Director: Josh Greenbaum
Starring: Voices of: Will Ferrell, Jamie Foxx, Isla Fisher, Randall Park, Brett Gelman, Rob Riggle, Josh Gad, Sofia Vergara, Will Forte, Denis Quaid
Distributor: Universal Pictures
Runtime: 93 mins. Reviewed in Aug 2023
Reviewer: Fr Peter Malone msc
| JustWatch |
Rating notes: Strong crude humour, sex, coarse language and drug use.

Pet Reggie, abandoned by his slob owner, finds allies with other dogs as he makes his way back home to confront his owner.

With a comedy like Strays, words that come to the reviewer’s mind include: raunchy, crude, crass, gross, offensive.
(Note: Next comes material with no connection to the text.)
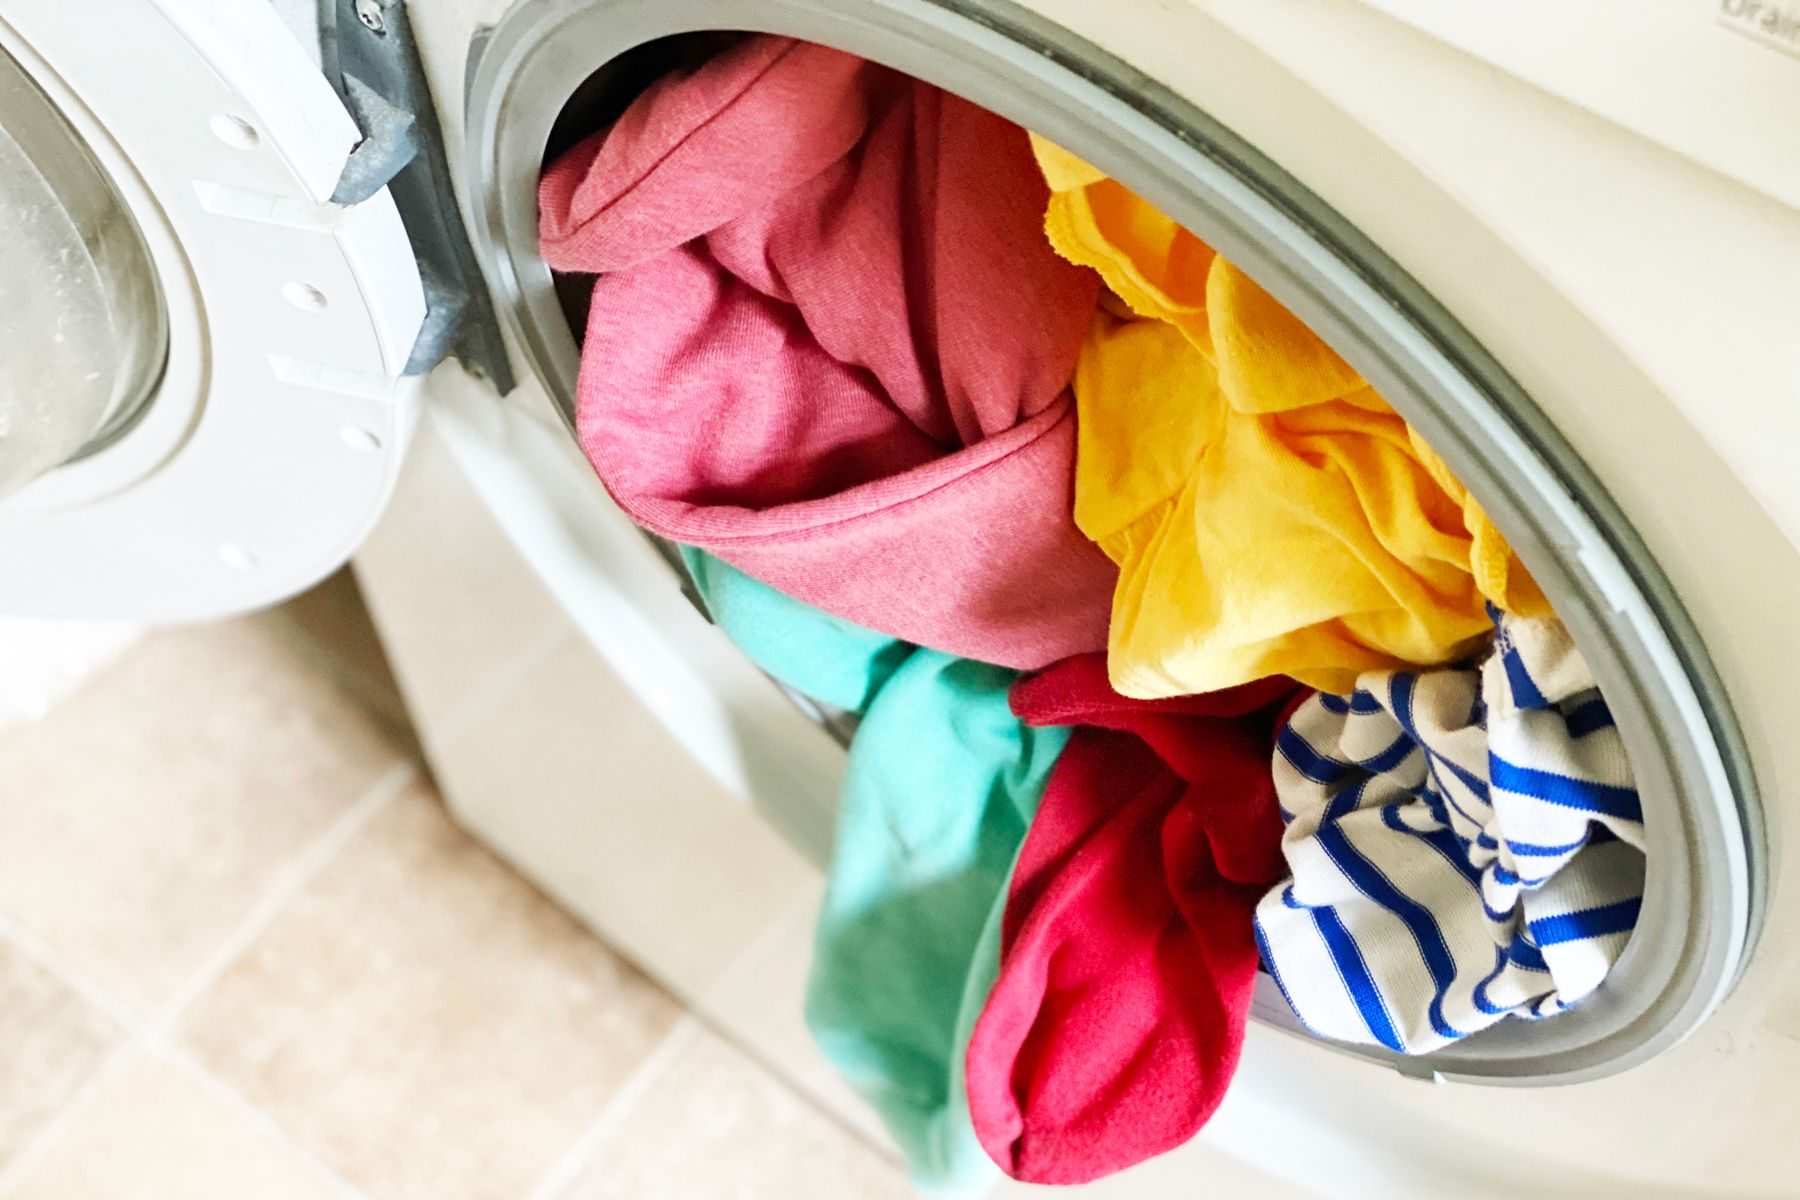 An overly full washing machine

And it can be said, they are all applicable. But the response depends on sensibilities – whether this kind of crude comedy appeals or not. The reviewer had to keep in mind that everyone’s sensibilities are different.
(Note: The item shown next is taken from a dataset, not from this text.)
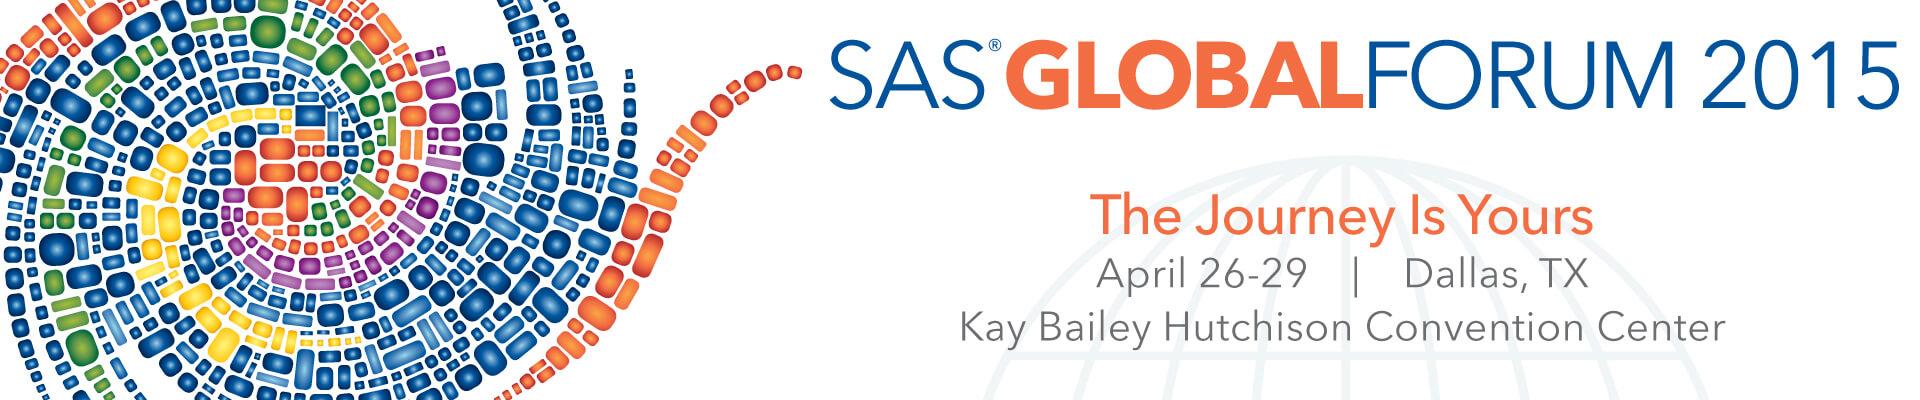 SAS Global Forum 2015 – Day One

While often it seems much like a cartoon in characters and situations, this is a live-action film about dogs. In fact, dog lovers, despite the jokes, might very well be intrigued by the extraordinary performances of the dogs themselves, and wonder how much is the training of actual dogs and how much is the use of animatronics, especially with the syncing of the dog’s mouths to the dialogue. Yes, the dogs really come alive, and are convincing characters.
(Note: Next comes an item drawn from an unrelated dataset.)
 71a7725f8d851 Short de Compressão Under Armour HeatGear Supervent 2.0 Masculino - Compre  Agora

And a review had better note that the humour, pervasive, relies on constant (incessant) four (and beyond)-letter words and exclamations, probably tiresome even for tolerant viewers, magic mushroom hallucinations, a lot of sex jokes, explicit and implicit, and bodily parts and bodily functions. Definitely crude, often crass.

But, strangely enough, the story is full of sentiment, even sentimental at times, and moving towards a nice ending of domestic bliss. In a way, the audience can’t help liking the dogs. And, who are they? First, there is Reggie (voiced by Ferrell), who was at the beck and call of Doug (Forte, creating a character who is an extreme slob), who resents Reggie because he was the pet of a girlfriend who walks out on him. He persecutes Reggie, verbally abuses him, tosses the ball as far away as possible – but the good-natured Reggie thinks this is all a game and thinks Doug is a wonderful owner. When Doug takes Reggie on a three-hour drive and strands him, he is befriended by a smart-talking Bug (voiced by Foxx). Gradually, with the help of Bug’s other friends, Maggie (Fisher as an Australian collie) and Hunter (Park) as a former police dog trainee, now with a cone and working at an old folks home, Reggie learns the truth. And the film becomes a quest – a revenge film, with Reggie wreaking havoc on Doug

There are lots of adventures along the way, meeting police dogs looking for a young girl, the real Dennis Quaid with binoculars seeing a giant eagle swoop on Bug, getting lost, finding landmarks, and an eventual confrontation between Reggie and Doug (and what we might have imagined does happen).

Lots of jokes, many crass, others funny, and, as has been said, quite a deal of sentiment. The talent of the voice cast blending with the expert photography and training of the dogs, their looking to camera, the tilt of their heads, the cheeky looks, which means that the dogs really become credible characters! But, as the government classification advice says: MA: Strong crude humour, sex, coarse language and drug use.